Bohringer, "dans la jungle des rêves, d'horizons déjà taillés très larges" (photo Bruce Pierson)

Archive. C’est imprimé « concert » sur l’affiche mais, même s’il fait le chanteur, le vocable ne concerne pas trop l’acteur. Ni concert, ni récital, ni prestation d’ailleurs… Dans un trip autre, le sien, personnel et universel à la fois. « J’parais tendu, car j’essaye de garder mon énergie : ça tape très fort ! » nous prévient-il. Retour sur l’enfance « dans la jungle des rêves, d’horizons déjà taillés très larges », retour à la mère Afrique : « Il est beau, il est beau, Dieu, il est griot ! » Ça va, savane. Pieds nus, vêtu d’écru, un peu comme un bagnard, voici Richard Bohringer, chanteur qui conte, qui plaque ses mots sur l’ample résonance musicale d’ « Aventures », son groupe de scène : c’est de la dramaturgie, impliquée, rageusement spasmodique. Des mots, parfois, souvent, s’en décollent, s’unissent aux notes et font chansons. « Chaque soir, chaque concert, on ne fait jamais la même chose. Parce que j’en suis incapable. Parce qu’il faut garder le péril de son âme. C’est funambule chaque soir : pas deux fois le clin d’œil qu’on a réussi la veille. »
Bohringer est comme on le devine : vieux desperado, torrent de mots, onctueuse poésie de vie qui hémoglobine ses veines comme ses pas-de-chance. Le possible crooner est cassé, sa voix rouillée, mécanique usée de trop de tout, de toux aussi. Mais qui vous charrie des mots, des impressions, des respirations, de longues plongées en apnée dans le corrosif bain de la vie, là où « je n’fais pas d’la boxe pour donner des coups mais pour les éviter. »
« Aventures », six musiciens, est à l’exacte dimension de Bohringer : affranchi de toutes obligations, au moins en apparence.

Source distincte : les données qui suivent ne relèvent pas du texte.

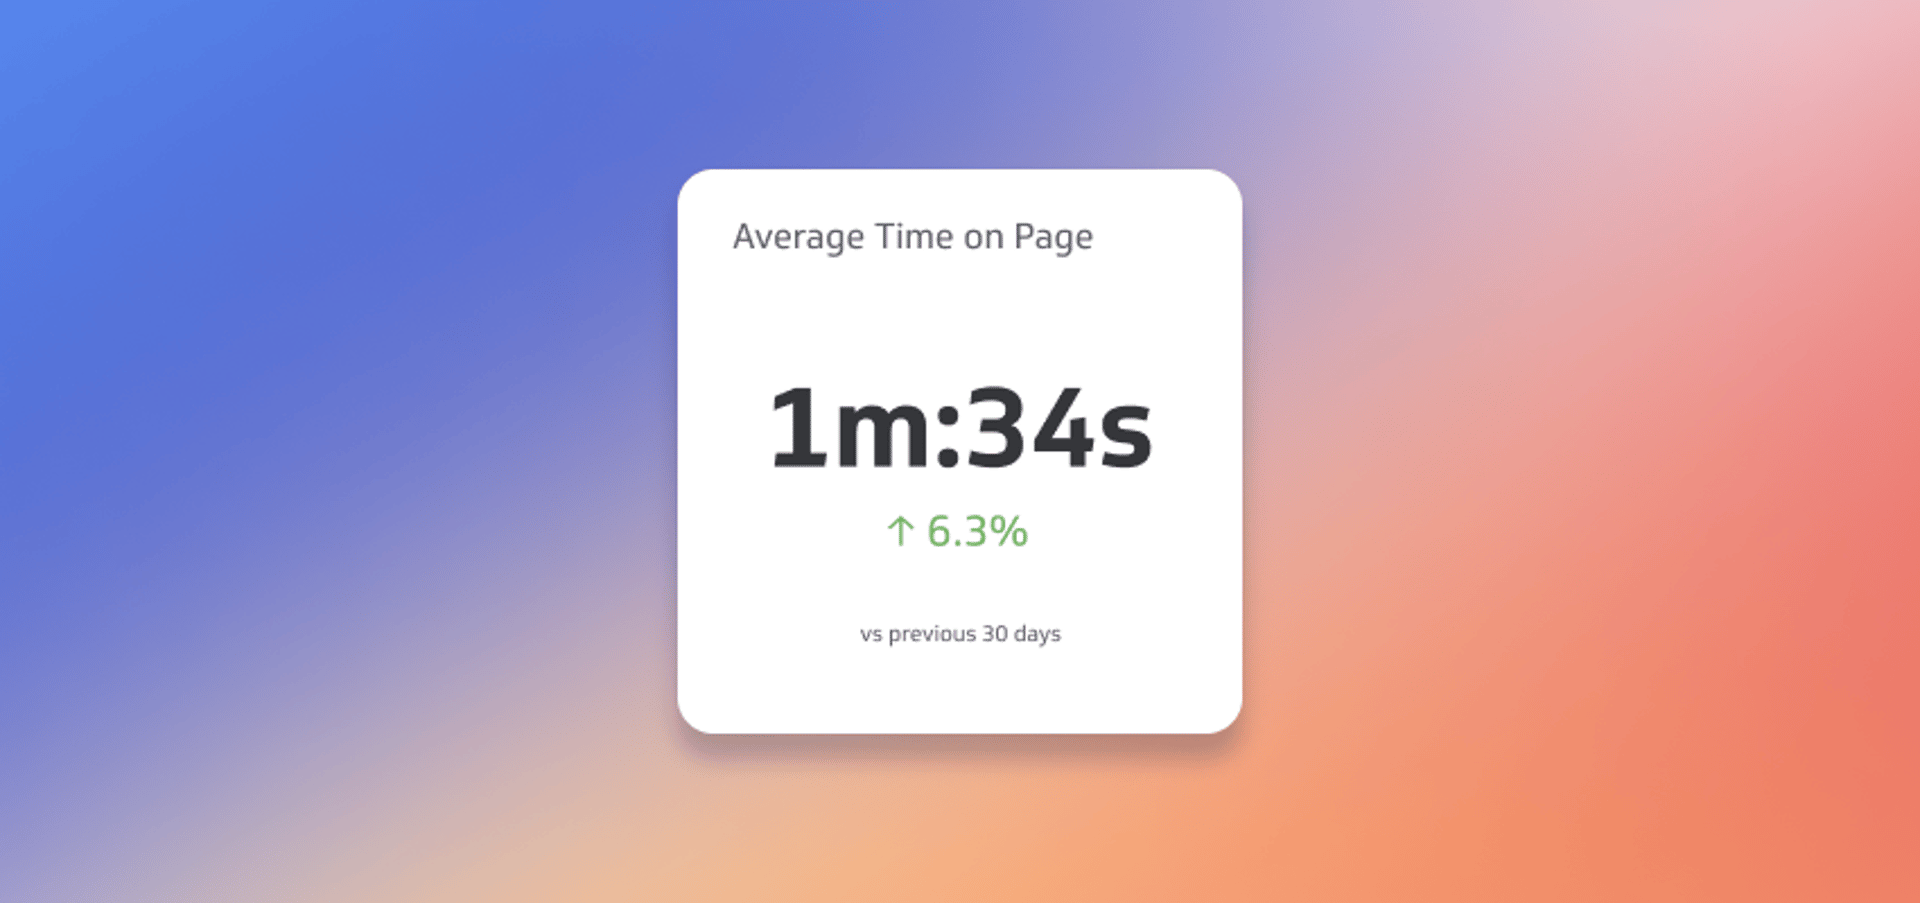 Top Marketing Kp Is Average Time on Page

Hors la trame, les grands axes de circulation de cette ville-belle-la-nuit, c’est en liberté que les membres du groupe s’expriment, comme un catalogue de caractères qui typographie mieux que quiconque les mots errants, les mots de têtes, les mots dits de l’artiste : plein de pleins et de déliés qui délient le verbe, qui l’affranchissent. « Aventures » est enluminure qui éclaire les noires artères.
La chanson de Bohringer est autobiographie : c’est dire si elle est impliquée. « La vie, j’la gagnerai toujours, d’une courte tête. » C’est, en transe comme en transpiration, constante lutte pour et contre la vie, rage de toujours s’en sortir : « T’occupe pas des signaux, file le train, vas-y tout droit ! » L’artiste joue et se rejoue sa nocturne existence, évidemment poétique, follement romantique, entre sombre et lumières, entre Afrique et 42e rue, N.Y. ; entre Paris, cette « vieille pute », et « province et banlieue qui nous ont donné cette patate-là. »
Comme chaque fois, le spectacle est dédié à Roland Blanche et à Philippe Léotard, «mes frères», tant il est vrai que Bohringer n’est pas seul sur la scène de sa vie, et sur celles où il se produit : c’est plein de gens qui fourmillent, qui nourrissent l’émotion du chanteur-acteur. Même si la mort plane parfois, souvent, ça sent intensément la vie.